Agricultural experts said the bumper harvest will help ease the country's food price hikes, facilitating the government's efforts to combat the stubbornly high inflation rate.
But the experts also said that China's robust demand means the increased grain production is unlikely to check the country's growing imports, particularly for corn.
Bumper yields this year saw food output rising to a record 571 million tons, registering a 4.5 percent increase year-on-year. The production volume has already reached the government's grain output target for 2020, the bureau said.
Yields of the three major crops - rice, wheat and corn - stood at 510 million tons. Rice output increased by 2.6 percent year-on-year to 200 million tons, wheat grew by 2.4 percent year-on-year to 118 million tons, while corn jumped by 8.2 percent from last year to 192 million tons, according to official data.

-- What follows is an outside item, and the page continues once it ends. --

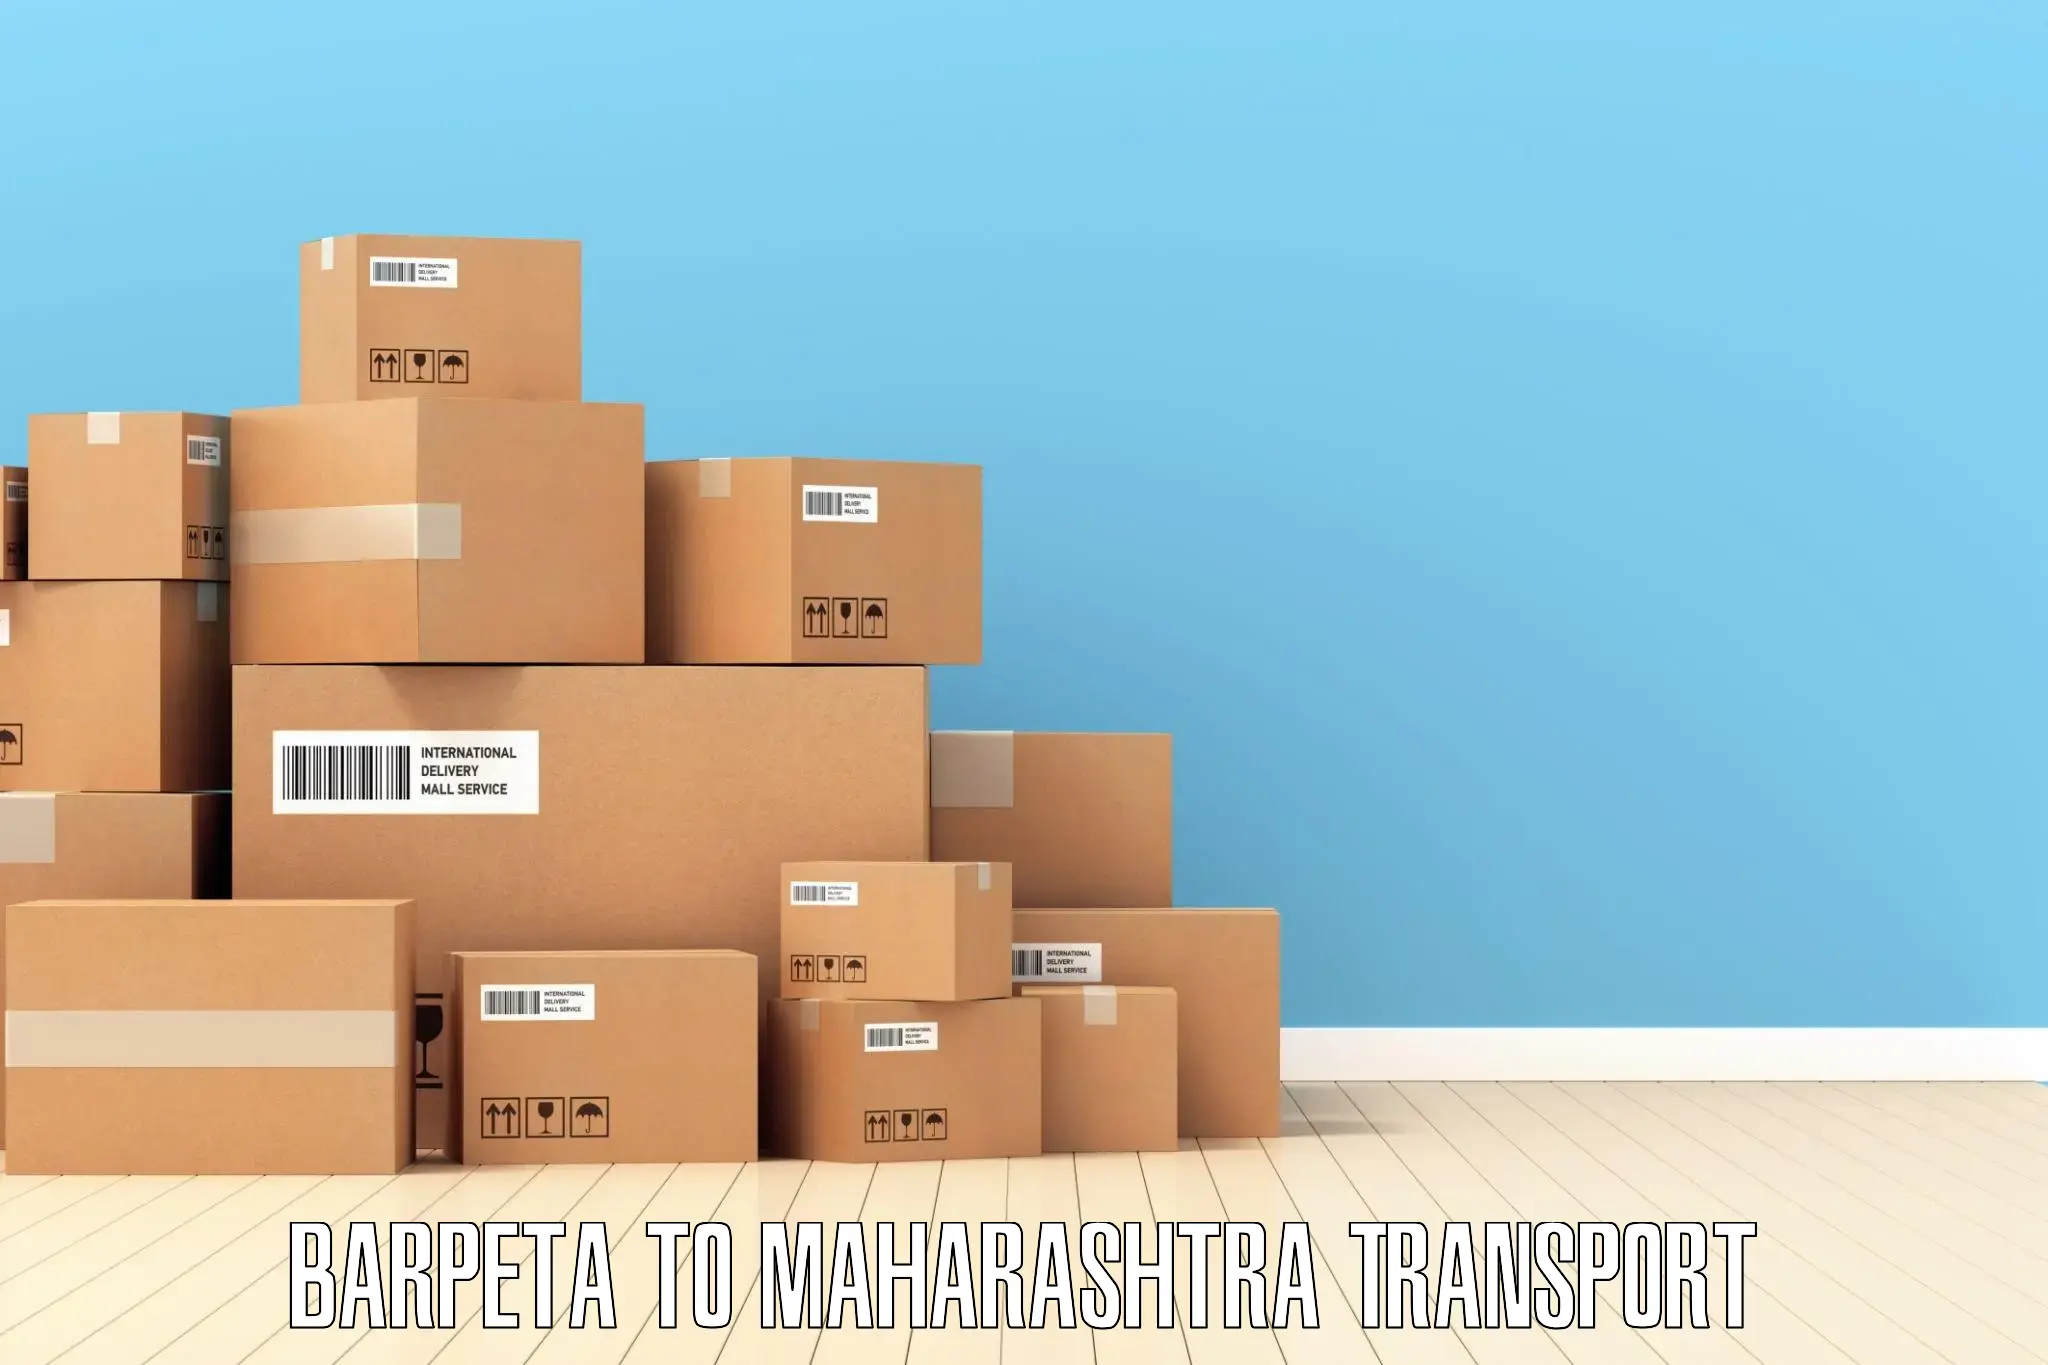 Cargo train transport services Barpeta to Maharashtra

Increased corn yields reflected an improvement in the country's grain-production structure, the statistics bureau said.
"The increased food production will help stabilize the prices of agricultural commodities and ease the government's effort to contain the inflation rate next year," said Hu Bingchuan, a researcher at the Rural Development Institute of the Chinese Academy of Social Sciences.

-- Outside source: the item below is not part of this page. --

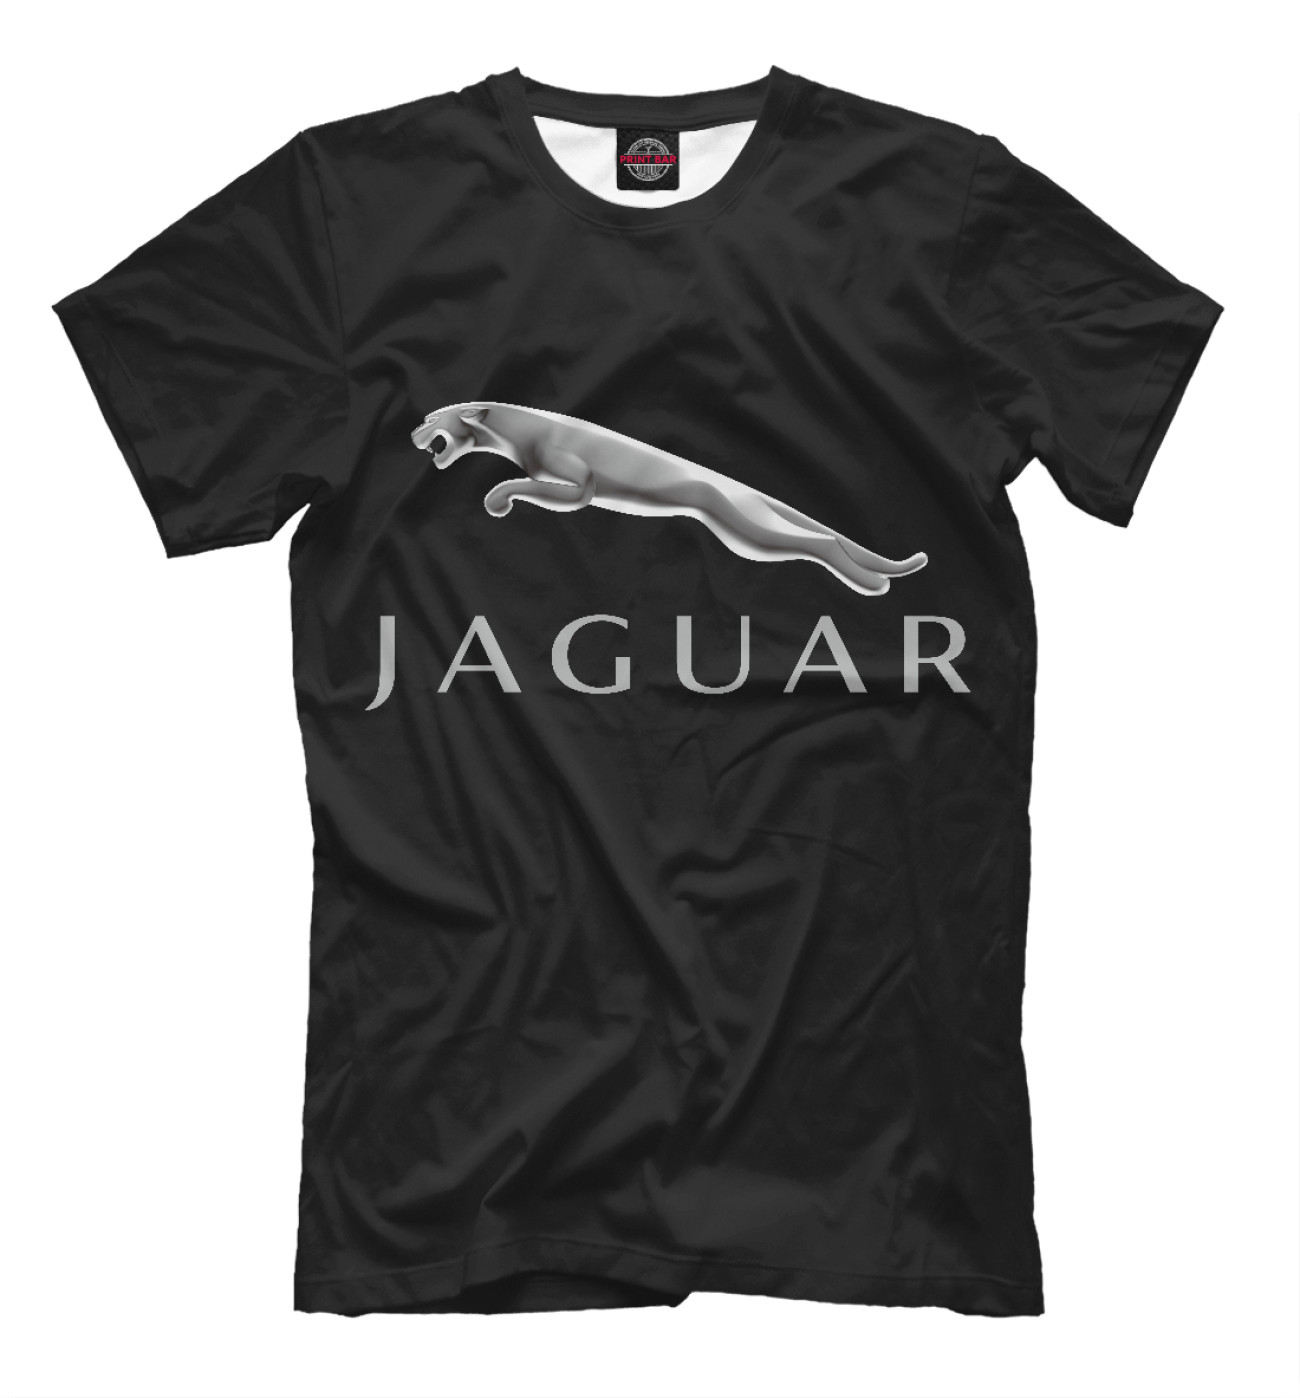 Мужская Футболка Jaguar Premium, артикул: JAG-178833-fut-2

Since the beginning of the year, the government has prioritized efforts to combat high inflation. In July, the consumer price index (CPI), the major gauge of inflation, surged to a 37-month high of 6.5 percent year-on-year.
It declined to 5.5 percent in October and is expected to continue its downward trend, when figures for November are released. Food prices, especially the increased price of pork, were regarded as one of the major drivers of the surging inflation.
As the country's urbanization process deepened, Chinese families consumed more meat in their daily diet, generating extra demand for corn as animal feed.
In the meantime, industrial demand for starch and ethanol also increased, imposing upward pressure on corn imports.
Prompted by the surging demand, corn imports this year are still expected to grow, despite increased domestic production, said Ma Wenfeng, a senior analyst at Beijing Orient Agribusiness Consultant Ltd, a major agricultural consultancy.
In October, Morgan Stanley issued a report saying China is expected to import 4 million tons of corn this year, compared with last year's 1.57 million tons.
However according to Ma, the increase is unlikely to be that drastic. "I reckon this year's corn imports are likely to stand between 2 million tons and 2.5 million tons," Ma said.
Corn imports are expected to maintain a "mild and stable increase" over the next few years, said Xu Xiaoqing, director of the department for rural economic development at the Development Research Center of the State Council, one of China's top think tanks.
The country imported 645,000 tons of corn during the first nine months of this year, according to data from grain.gov.cn, a website operated by the China National Grain and Oils Information Center.
In July, China ordered 533,000 tons of corn for delivery after August from the United States, according to the US Department of Agriculture, exceeding US estimates for Chinese's corn imports for the whole year.